Metadata-Version: 2.3
Name: lancedb-tables
Version: 0.1.2
Summary: An embedded streaming OLAP data pipeline with LanceDB
Author-email: Evan K <ekcopersonal@gmail.com>
Requires-Python: >=3.12
Requires-Dist: lancedb==0.6.13
Description-Content-Type: text/markdown

# lancedb-tables
`lancedb-tables` is a python package wrapper over LanceDB that makes it easy to create and update LanceDB tables into embedded streaming OLAP data pipeline designs.

Since Lance is designed to be mutable, it is possible to create an embedded streaming pipeline using the same data source. The main advantage of this streaming approach is that it doesn't require any parquet glob file management. This reduces the complexity of setting up streaming to the same as batch processing.
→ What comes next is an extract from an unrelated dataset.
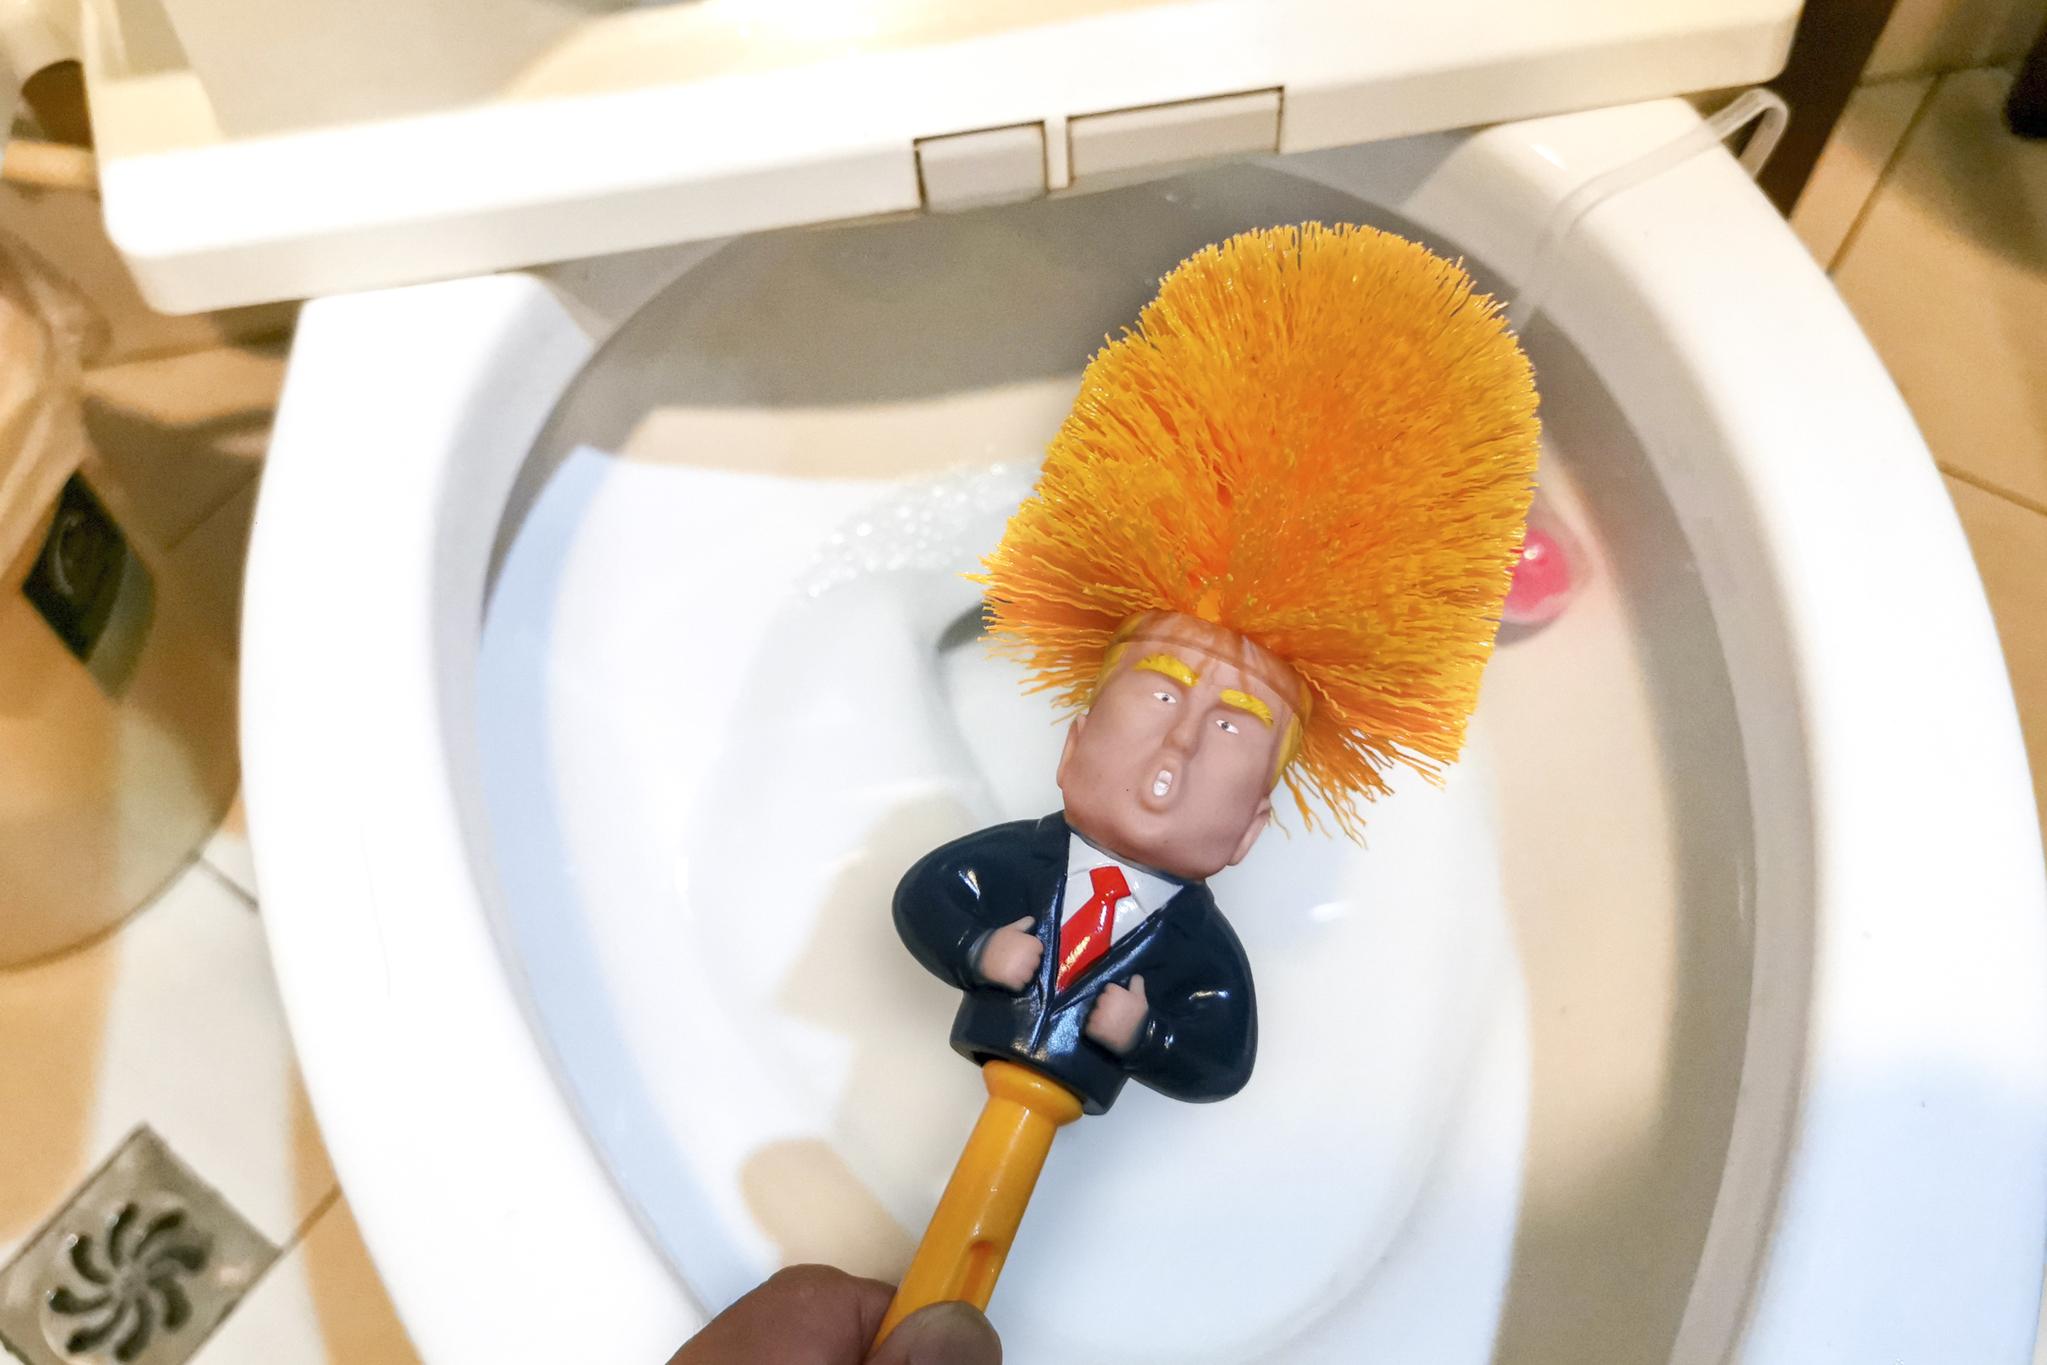 15(현지시간) 중국에서 도널드 트럼프 미국 대통령 화장실 청소솔이 온라인 쇼핑몰에서 인기를 끌고 있다. [AFP=연합뉴스]

The other main benefit is that LanceDB leverages the [Apache Arrow Standard](https://arrow.apache.org/overview/) which makes integrations into ETL pipelines using 
[Polars](https://lancedb.github.io/lancedb/python/polars_arrow/#from-polars-dataframe) and [DuckDB](https://lancedb.github.io/lancedb/python/duckdb/) simple.

## Install with pip
`pip install lancedb-tables`

## Install from source
1. Clone the repository
2. This repository uses rye to manage dependencies and the virtual environment. To install rye, refer to this link for instructions [here](https://rye-up.com/guide/installation/). 
3. Once rye is installed, run `rye sync` to install dependencies and setup the virtual environment, which has a default name of `.venv`. 
4. Activate the virtual environment with the command `source .venv/bin/activate`.